1. The Ricker model (Ricker 1954) is a population dynamic model that is often used in fishery management. It can be expressed by the following recursion equation:

$\begin{equation} N_{t+1}=N_t e^{r\left(1-\frac{N_t}{K}\right)} \end{equation}$
1. Use the graphical method to gain some first insights into the behaviour of this model.
2. What are the equilibria of this model?
3. Determine the stability of the equilibria.
4. How does this model compare to the logistic model?

2. Our simple natural selection model assumed that there is only a single, closed population in which the dynamics take place. One extension of this model that relaxes this assumption might assume that there is continuous migration from another population consisting of only $$A$$ type individuals. This model can be described by the recursion equation

$\begin{equation} p_{t+1}=m+(1-m)\frac{(1+s)p_t}{1+sp_t}. \end{equation}$
1. Provide an intuitive explanation for this equation and the new parameter $$m$$.
2. What are the equilibria of this model?
3. Determine the stability of the equilibria.
4. Use the graphical method to gain additional insights into your model and compare the plot with your analytical results.
5. How does migration impact the dynamics compared to the simpler, one-population model?

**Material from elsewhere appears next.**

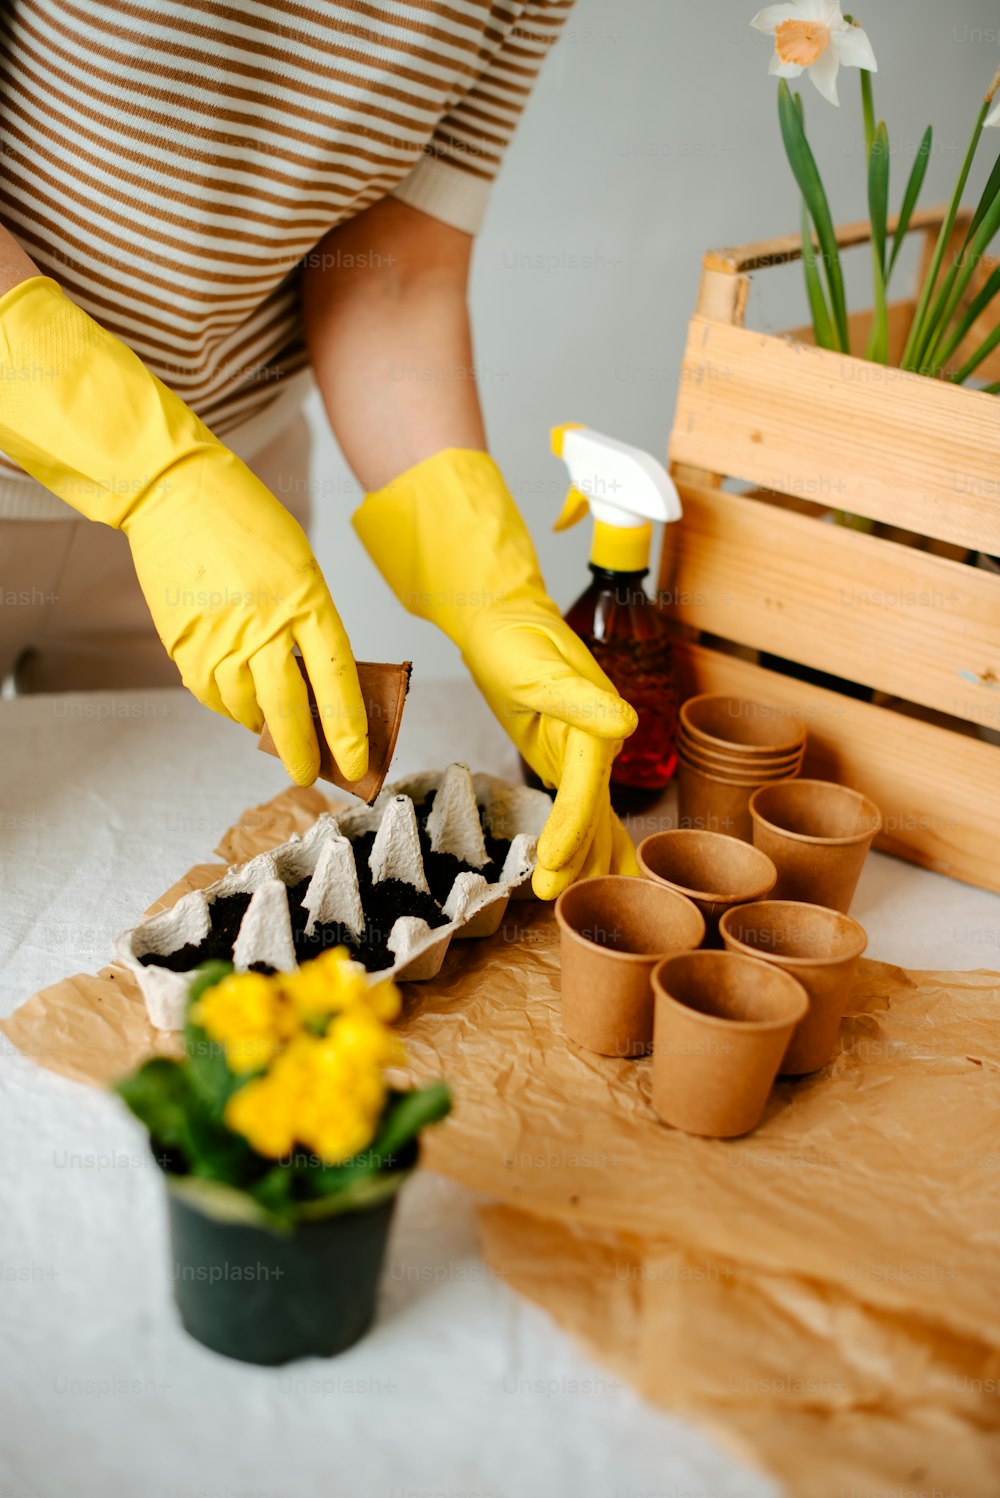 黄色い手袋と黄色いゴム手袋をはめた人がカップケーキのトレイを掃除している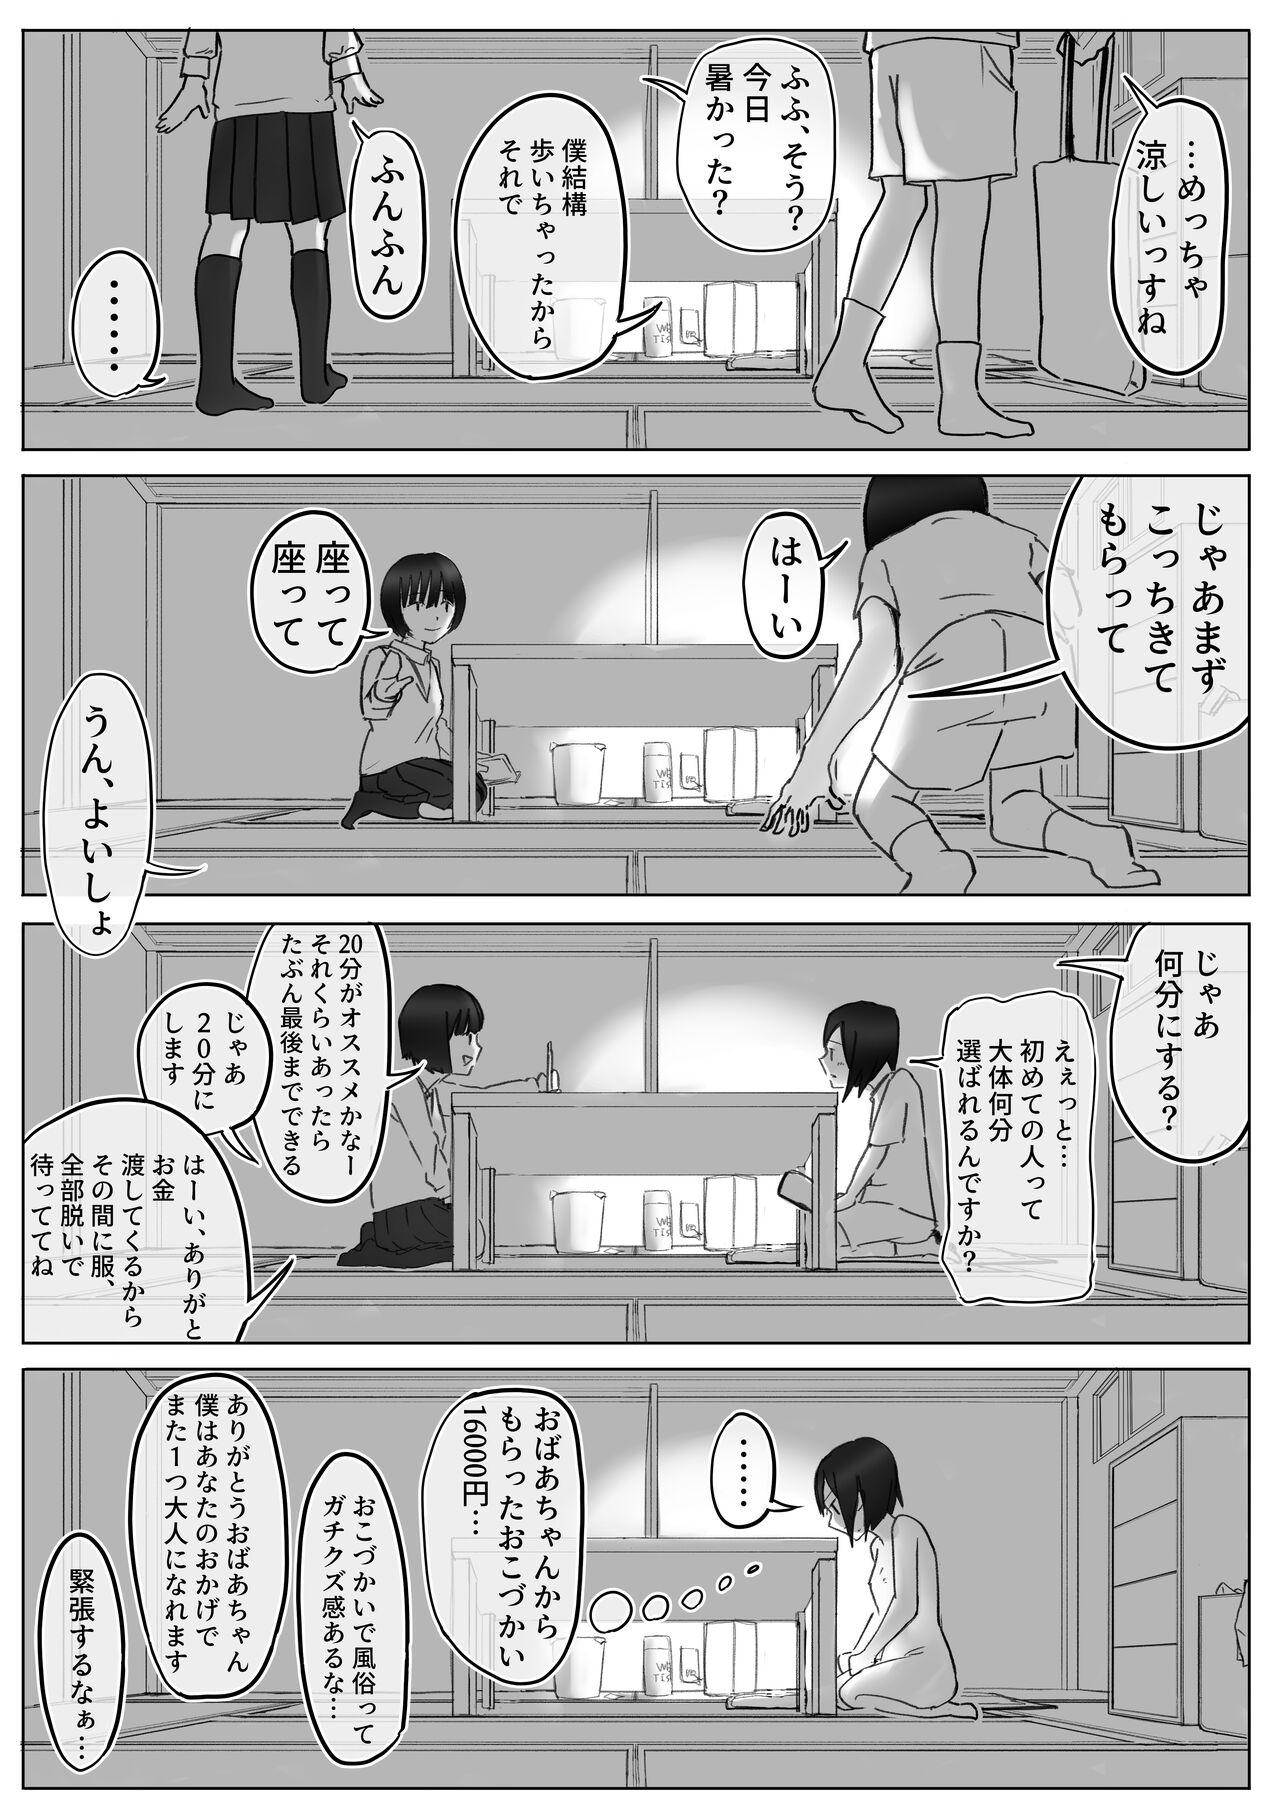 【風俗レポ漫画】飛田新地で童貞を捨てた話 10

3. The polymerase chain reaction (PCR) is a powerful and very widely used molecular method to amplify DNA fragments. You will probably have come across this method in other courses, but if you don’t remember how it works take a look at the excellent article on Wikipedia. For this exercise, develop a model for the number of DNA fragments after each round of amplification, making the following assumptions in different versions of your model:

1. Assume that there is always an excess of primers and nucleotides present in the solution, and that all DNA fragments are copied in each round of replication.
2. Assume that there is always an excess of primers and nucleotides present in the solution, but that now a certain fraction of DNA fragments fails to replicate in each round.
3. Assume that all DNA fragments can be replicated in principle but that now primers are no longer present in excess. (There might be enough primers for the first few rounds but not for later rounds.) Nucleotides are still always present in excess.
4. Finally, assume that all DNA fragments can be replicated in principle and that primers are always present in excess, but that the amount of free nucleotides in the solution can become limiting. To keep the model simple, just assume that a certain fixed number of nucleotides is required toreplicating one DNA molecule, but don’t distinguish between different types of nucleotides. Note that this model version is more challenging than the others in that it will probably require more than one variable!

### References

May, R.M. 1976. “Simple Mathematical Models with Very Complicated Dynamics.” Journal Article. Nature 261: 459–67.

Ricker, W. E. 1954. “Stock and Recruitment.” Journal Article. Journal of the Fisheries Research Board of Canada 11 (5): 559–623.